### Exercise input
···

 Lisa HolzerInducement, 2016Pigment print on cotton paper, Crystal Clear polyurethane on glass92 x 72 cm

···

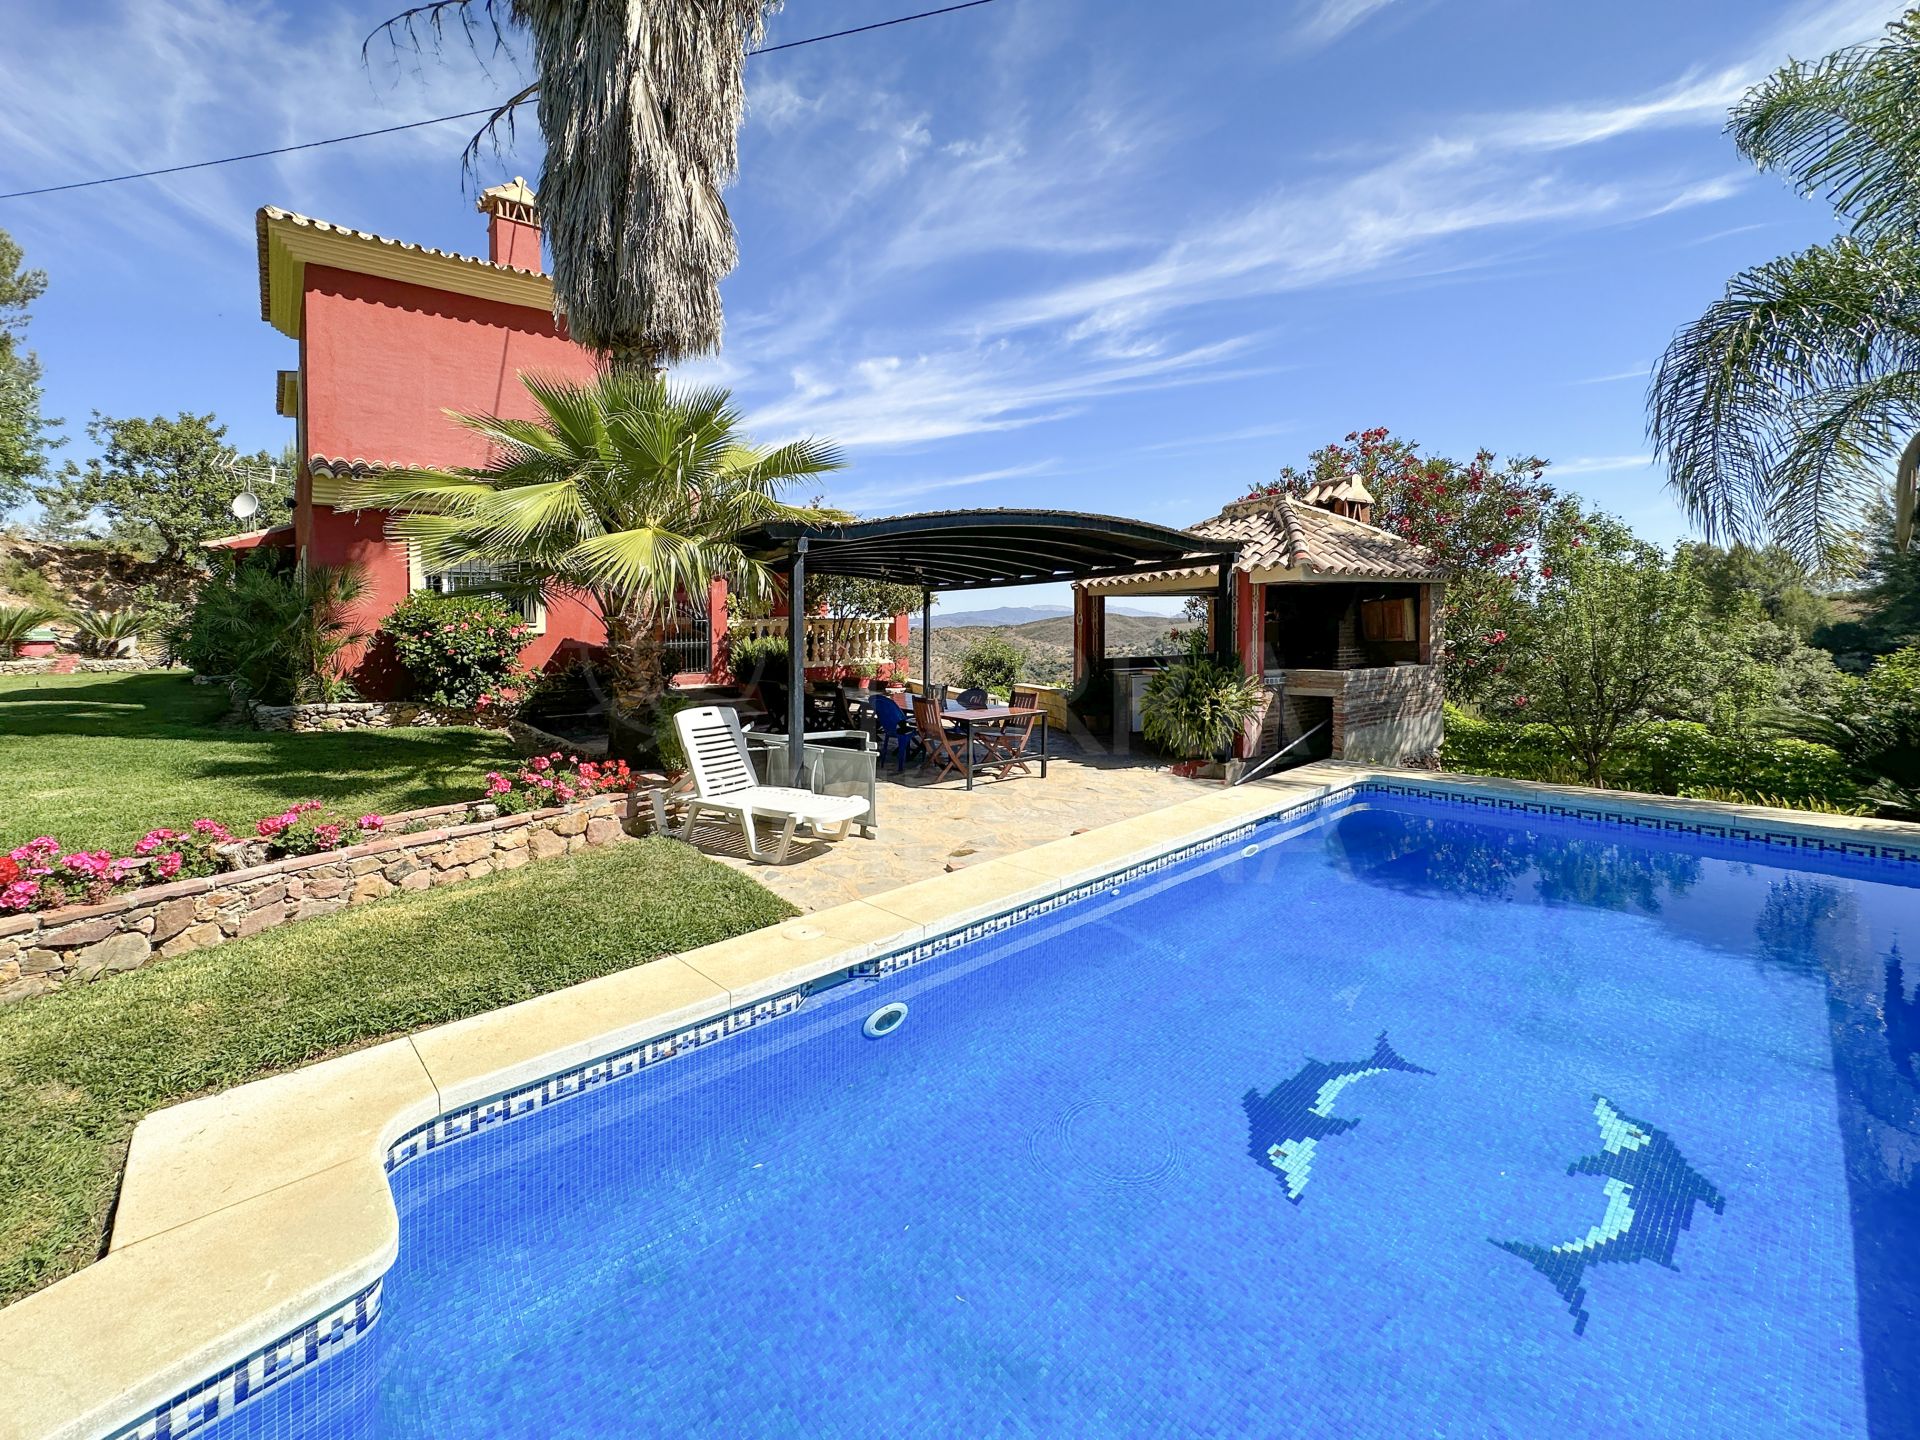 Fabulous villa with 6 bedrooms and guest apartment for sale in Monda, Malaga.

···

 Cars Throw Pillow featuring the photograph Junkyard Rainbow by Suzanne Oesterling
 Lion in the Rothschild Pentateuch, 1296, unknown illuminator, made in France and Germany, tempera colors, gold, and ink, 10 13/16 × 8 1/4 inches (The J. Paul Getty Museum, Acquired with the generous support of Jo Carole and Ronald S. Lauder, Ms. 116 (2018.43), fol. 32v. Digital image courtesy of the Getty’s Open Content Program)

···

### What you will do
Would you print exactly, and only, the lines of the data above from the line with "Cars Throw Pillow" through the line with "Lion in the Rothschild", inclusive?

### Result of the task
 Cars Throw Pillow featuring the photograph Junkyard Rainbow by Suzanne Oesterling
 Lion in the Rothschild Pentateuch, 1296, unknown illuminator, made in France and Germany, tempera colors, gold, and ink, 10 13/16 × 8 1/4 inches (The J. Paul Getty Museum, Acquired with the generous support of Jo Carole and Ronald S. Lauder, Ms. 116 (2018.43), fol. 32v. Digital image courtesy of the Getty’s Open Content Program)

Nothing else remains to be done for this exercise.